About earlier…” His voice cracked, and he winced. “I—uh—I meant what I said. All of it. You’re… you’re amazing. And not because you’re Stark’s daughter. Because you’re you. And I’m sorry it took me this long to figure that out.”
Your chest tightened, old memories pressing in—nicknames, laughter, the sting of being dismissed. You wanted to brush it off, to tell him it didn’t matter anymore. But it had mattered. For years.
“You were kind of awful to me, Parker.”
He flinched, nodding quickly. “I know. God, I know. I was a jerk. I thought teasing was easier than admitting that I—” He stopped, biting the inside of his cheek. Then he forced himself to look at you. “That I liked you. Even back then. I just… you were younger, you were Stark’s kid, and I didn’t know how to deal with it. So I handled it the worst way possible.”
The words hung between you, trembling.
You studied him. He wasn’t making excuses. He wasn’t hiding behind a joke. He was just… raw. Honest. And terrified.

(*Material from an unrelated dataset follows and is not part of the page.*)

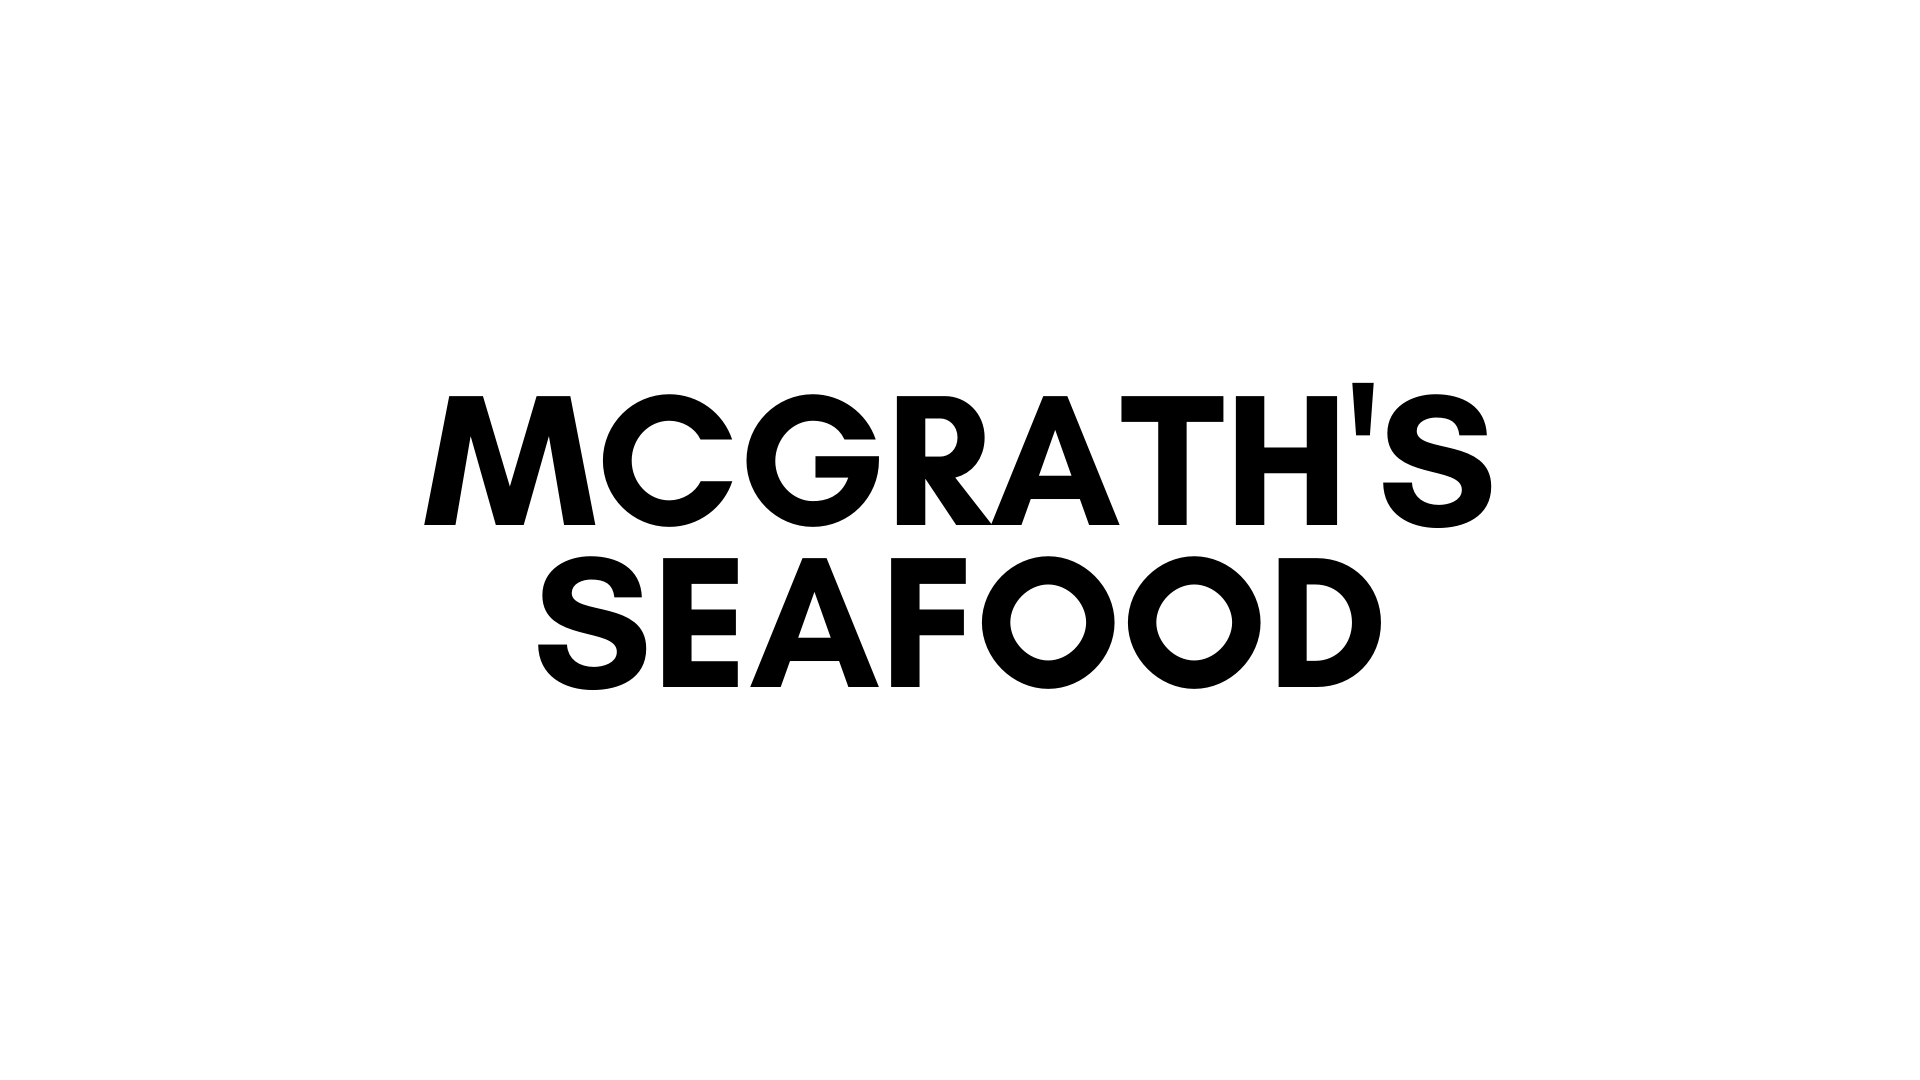 MCGRATH'S SEAFOOD
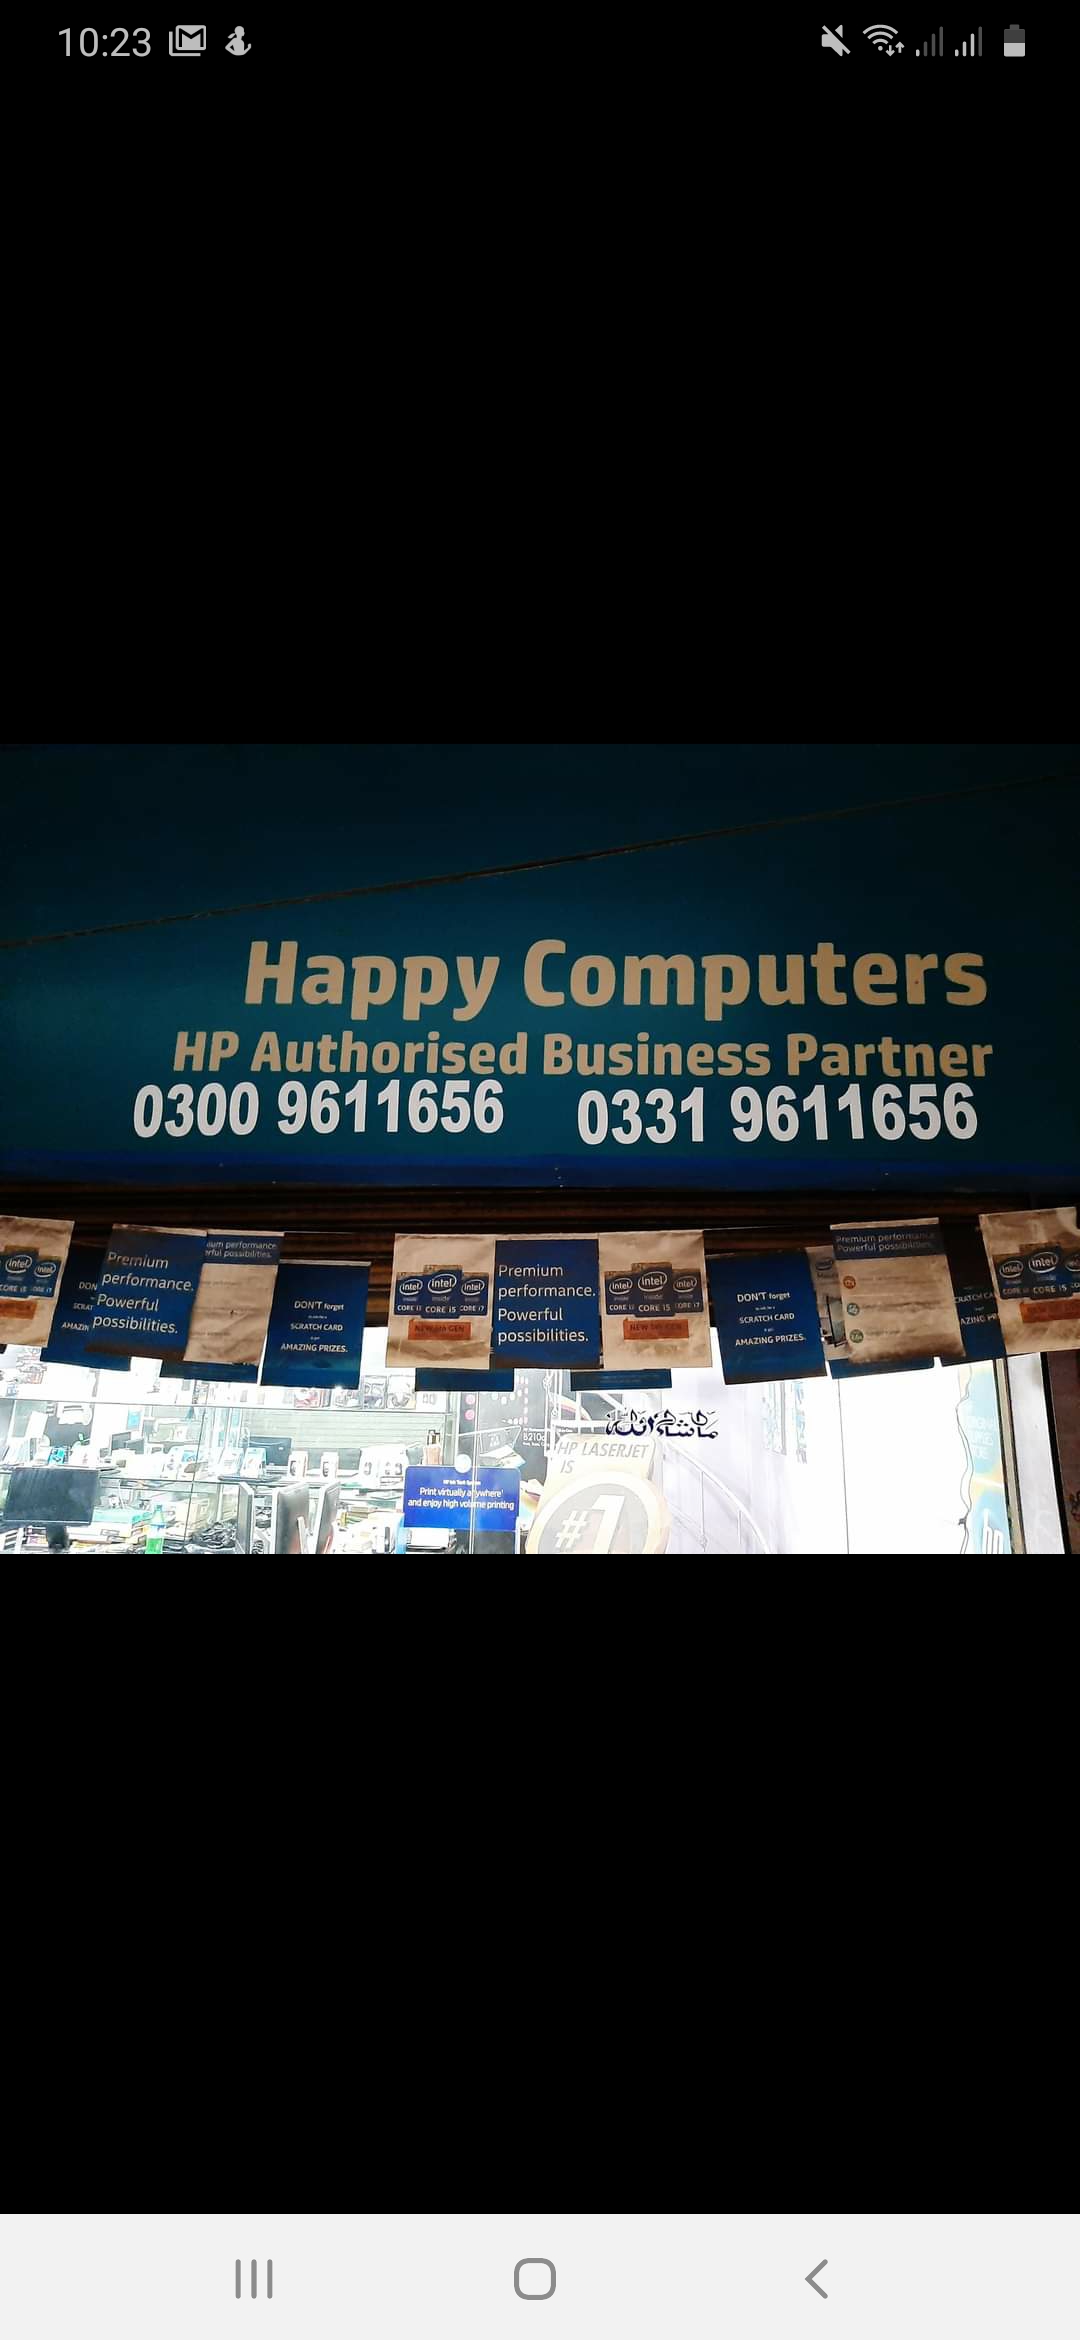 Happy Computers

Finally, you sighed. “I don’t know if I can forgive everything. Not yet.”
His shoulders sagged, disappointment flickering across his face. But then you added, quieter, “But I don’t hate you, Peter. And I… don’t not feel something. Anymore.”
His head snapped up, eyes wide. “Really?”
You rolled your eyes, a smile tugging at your lips despite yourself. “Don’t push it.”
For a moment, you just stood there, the air charged, the world narrowing down to the space between you. Then, almost without thinking, Peter leaned forward—hesitant, careful, giving you every chance to pull away.
You didn’t.
The kiss was soft, almost clumsy, but real. The kind of kiss that wasn’t an ending, but a beginning.
When you pulled back, Peter was grinning like an idiot, breathless. “So… does this mean we’re—?”
“Friends,” you interrupted, smirking. “Maybe more. If you earn it.”
His grin only widened. “Deal.”
And for the first time in years, you weren’t the kid chasing him, and he wasn’t the boy running away.